# Activity
Beginning with the line that holds "Rode stoffen lampion met 2 witte LED lichten" and finishing with the line that holds "Dubai - the must-visit destination", repeat the listing exactly, leaving every picture out.

# Material for this exercise
::::::::
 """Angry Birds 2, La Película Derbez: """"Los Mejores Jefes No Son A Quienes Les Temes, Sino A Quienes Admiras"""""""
::::::::
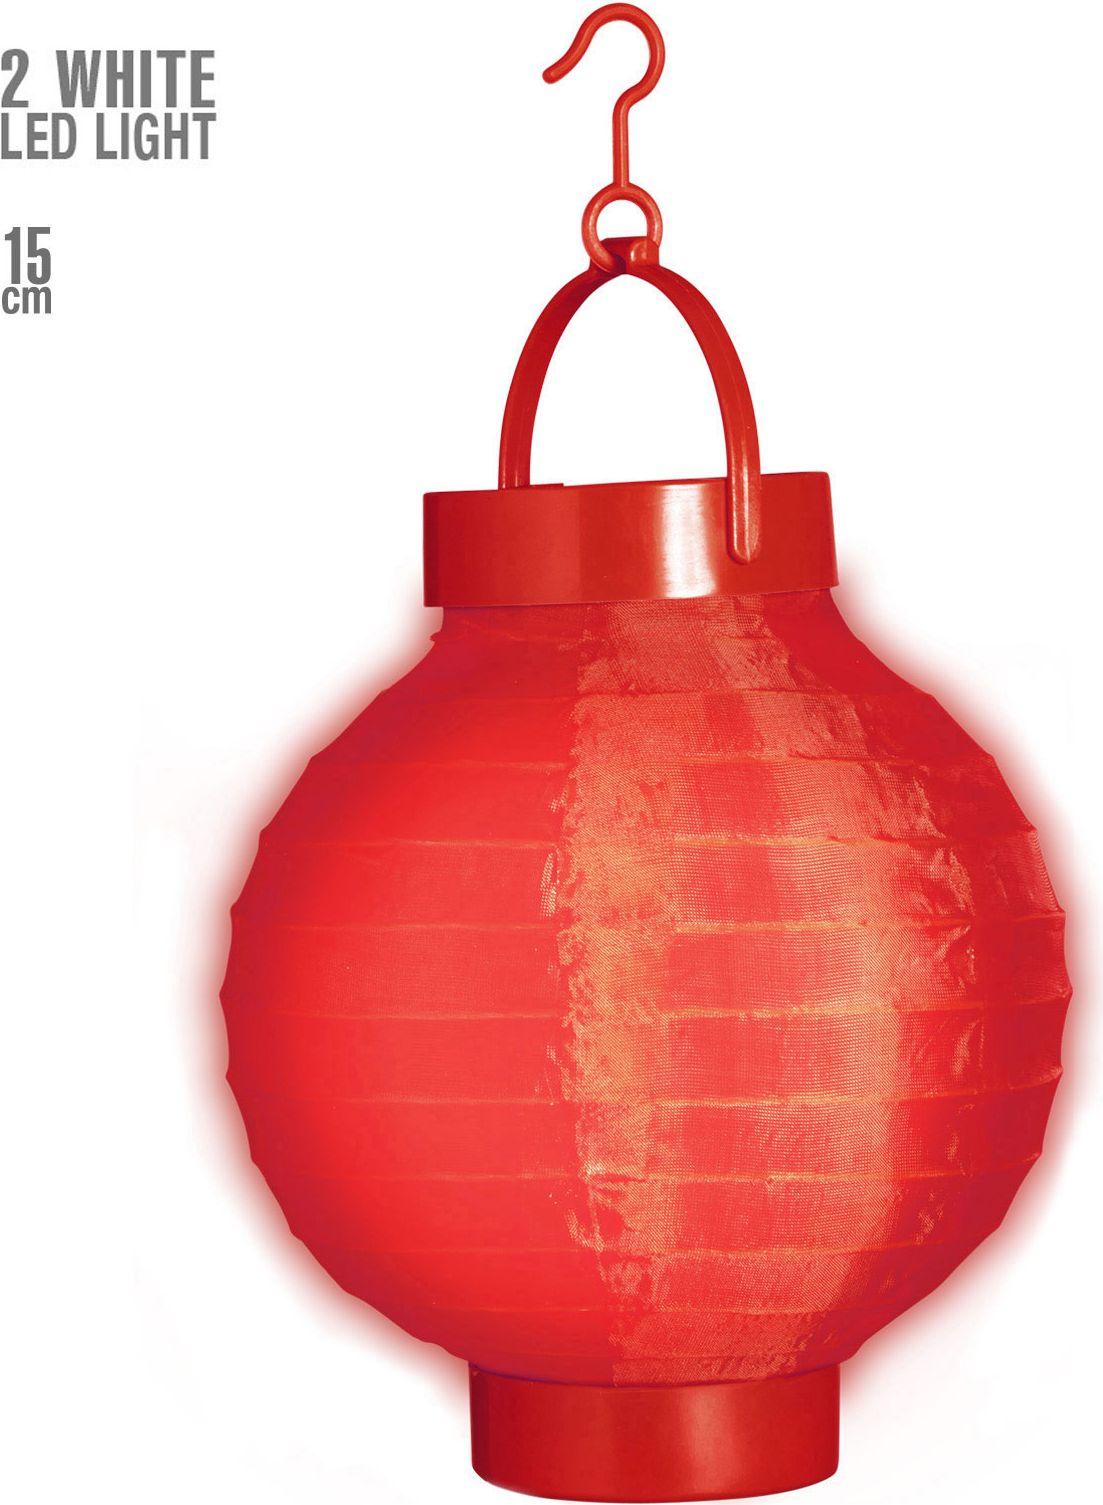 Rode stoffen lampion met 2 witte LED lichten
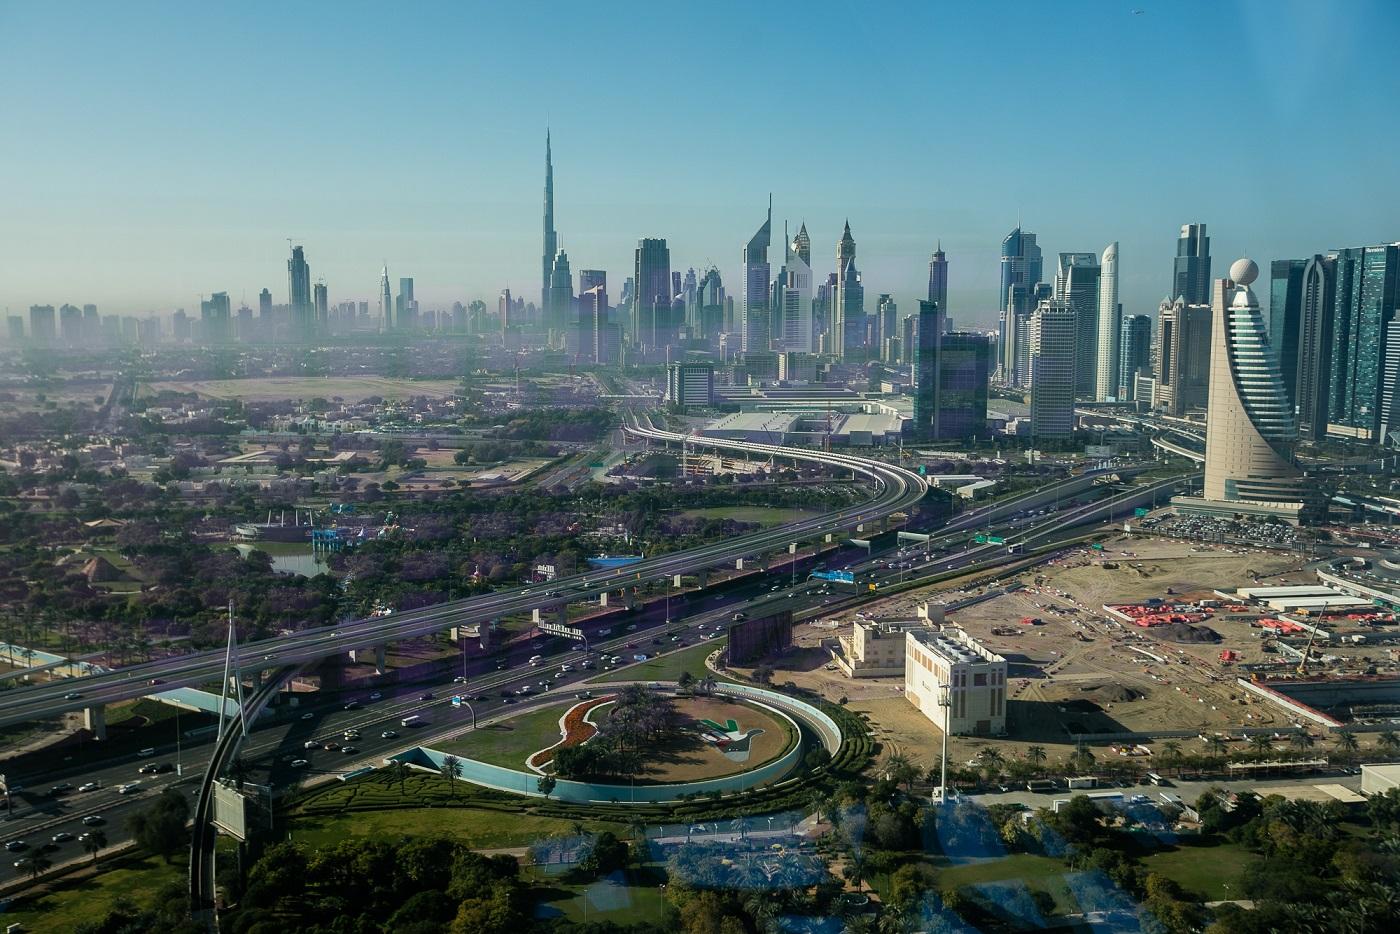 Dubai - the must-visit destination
::::::::
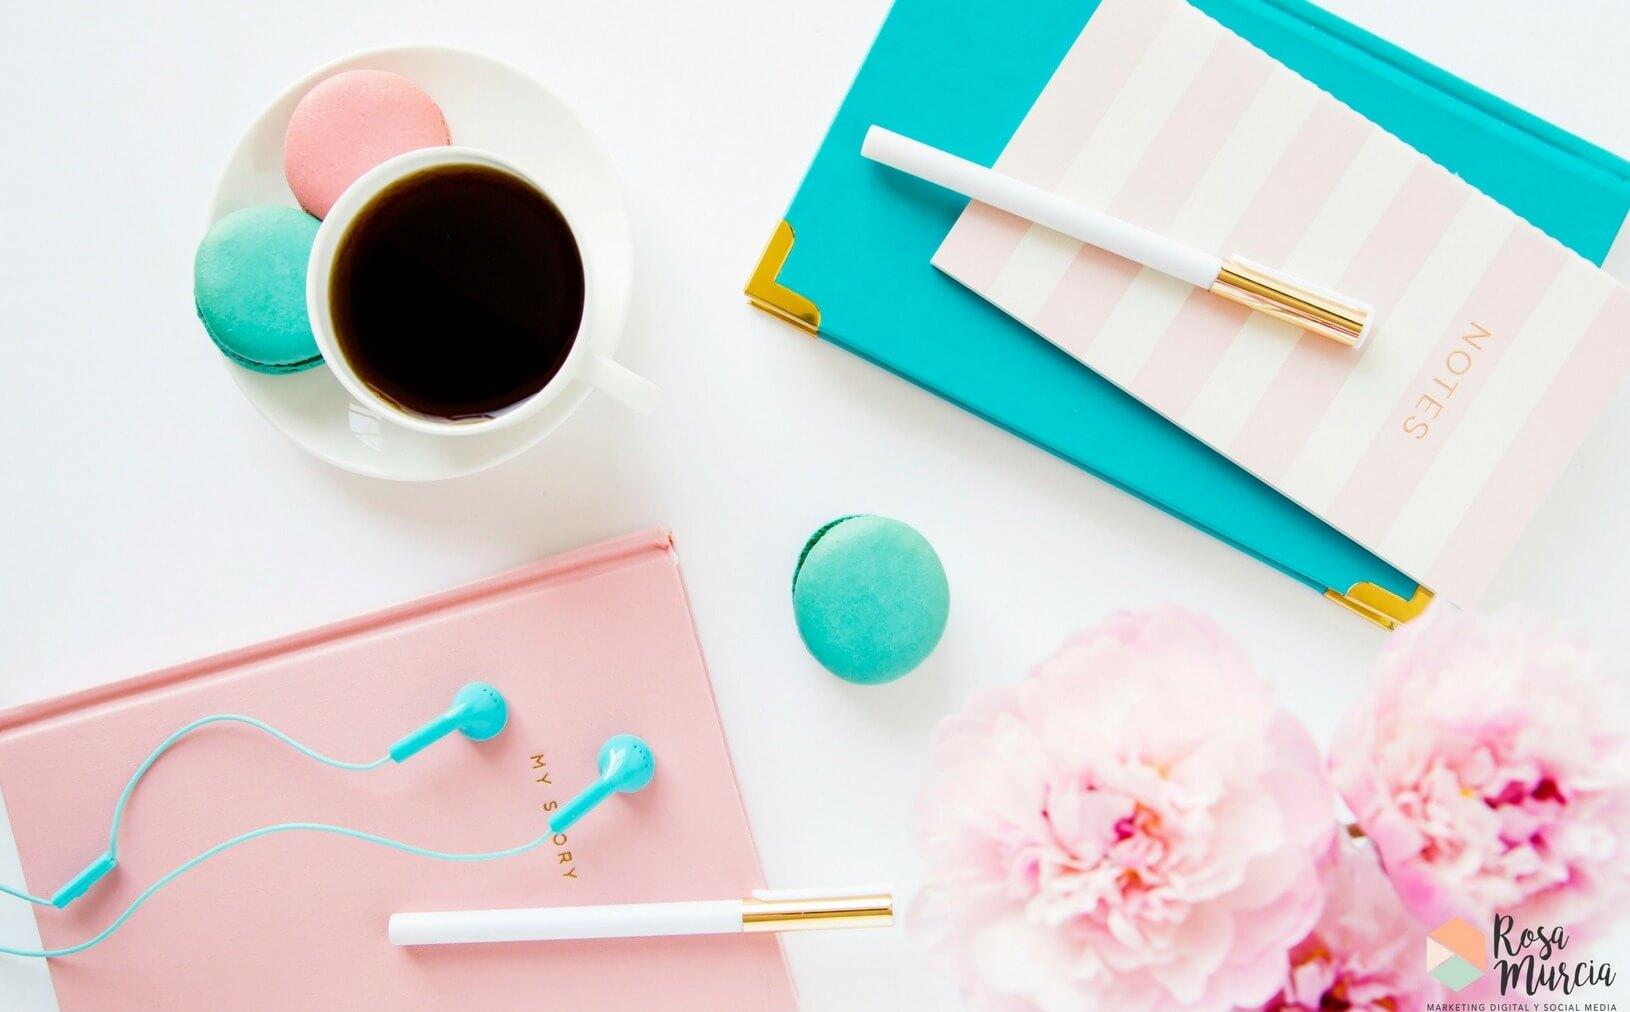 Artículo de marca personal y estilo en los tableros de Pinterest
::::::::
# Completed task
 Rode stoffen lampion met 2 witte LED lichten
 Dubai - the must-visit destination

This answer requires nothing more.